八王子市内高齢者の新型コロナウイルスワクチン1回目接種率が6月10日現在、6割を超え、全国平均約3割を大きく上回っている。市立小中学校体育館など、接種会場を増やし、医療従事者らの人員を集団接種に集約したことが奏功しているようだ。
「スピード最優先に」
八王子市内1回目の高齢者ワクチン接種人数はは、10万5299人で接種率は66・1パーセント(6月10日現在)。国が公表する全国の同接種率は、29・06パーセント(同)。市の1回目接種人数は都内で最も多い。
都内自治体の多くが診療所などによる個別接種と集団接種を併用する中、市は集団接種のみで進めている。温度管理や配送が難しいワクチンをロスなく使える集団接種の一方、患者の基礎疾患や体調などを知るかかりつけ医の個別接種は、接種を受ける市民の不安が少ないとされている。
八王子市医師会の石塚太一会長は「かかりつけ医での接種を希望する声があることは重々承知している。だが、今回重視しているのは接種のスピード」と強調する。
市は現在、平日は商業施設など6施設、日曜日は市内小中学校の体育館約30校で集団接種を実施する。平日は1会場600回分、日曜日は1会場1000回分の予約枠を設けている。
一方、インフルエンザなどの予防接種を行う診療所は市内で約140カ所ある。通常診療と並行して接種できるのは「1医院、1日20人が限度」。想定する個別接種の接種人数は、体育館接種3会場分となる。

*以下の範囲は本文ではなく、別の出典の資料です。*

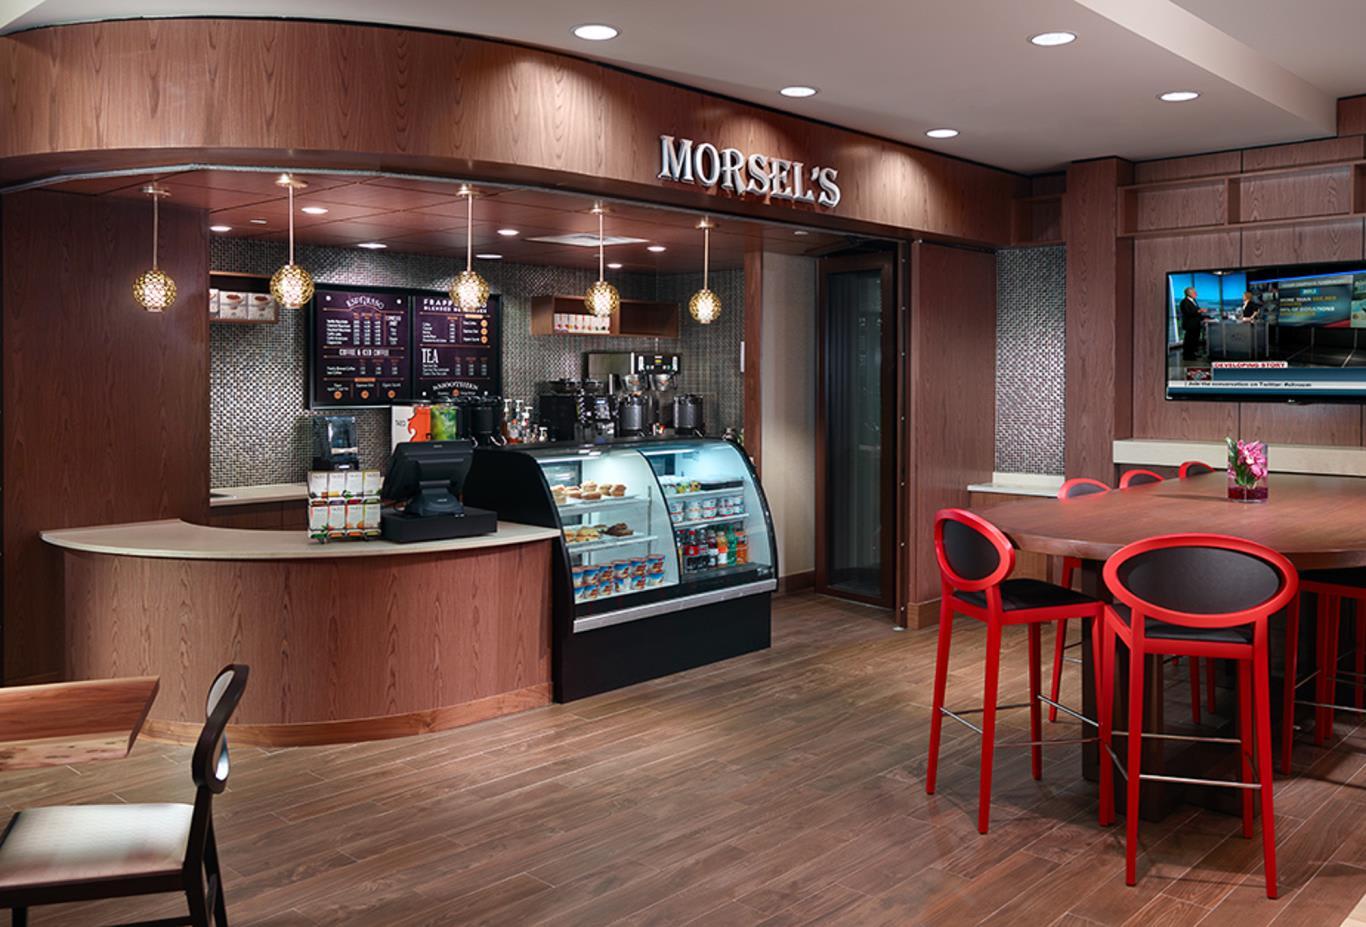 Morsels-nws

石塚会長は「それなら人員を集団接種に集約したほうが圧倒的に早い。一刻も早く集団免疫を得て、生活の制限を受ける現状を脱すことが最優先」と話す。
市は、接種会場に配置する医療従事者を市医師会のほか、民間業者に依頼している。会場の導線や人数のシミュレーションなど、市医師会と昨秋から話し合いを進めてきたという。

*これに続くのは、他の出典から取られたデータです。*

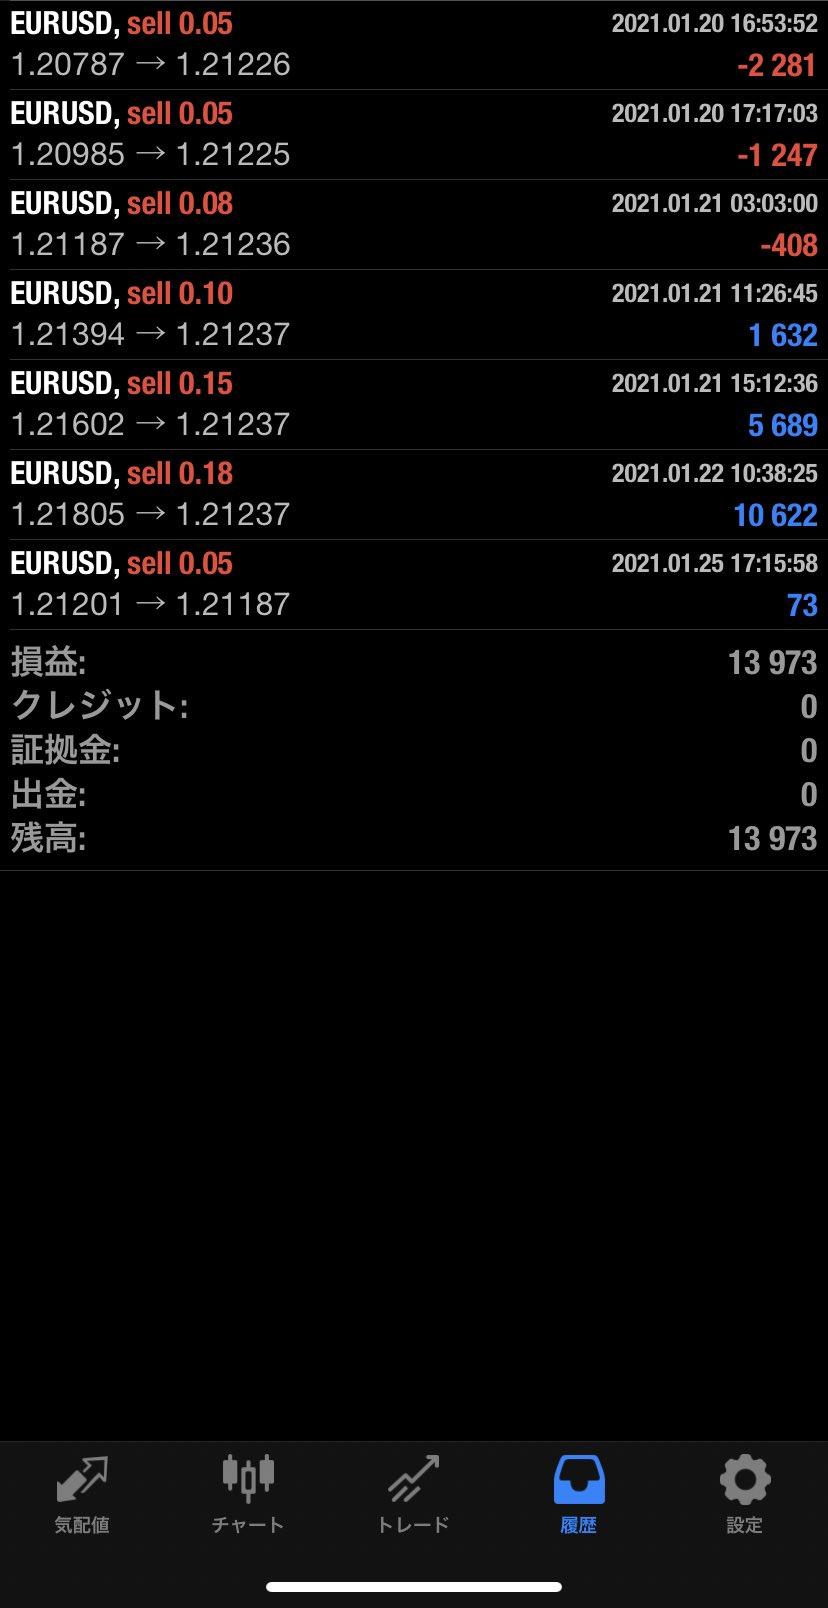 2021年1月25日 EUR/USDバージョン13,973円

市担当者は「集団に固執するのではなく、途中で方向修正もある。とにかくスピード感を持ち対応していく」と話す。
近隣市の状況は
八王子市に隣接する多摩市は、市内3カ所での集団接種を先行し、個別接種についても今後実施していく予定だという。同市高齢者の1回目接種人数は10日現在、2万646人、接種率は5割を超えている。市医師会の田村豊会長は「患者などから個別接種を望む声が多い。今のところ市内30、40カ所を想定している」と話す。
また、町田市は個別接種をメインに、集団接種を併用する。6月1日現在、個別接種できる医療機関は131カ所。集団接種は最大10カ所で行っている。同市担当者は「集団接種は医療従事者の確保が難しい面もある」という。9日現在、同市高齢者の1回目接種人数は約3万1000人、接種率は3割弱となる。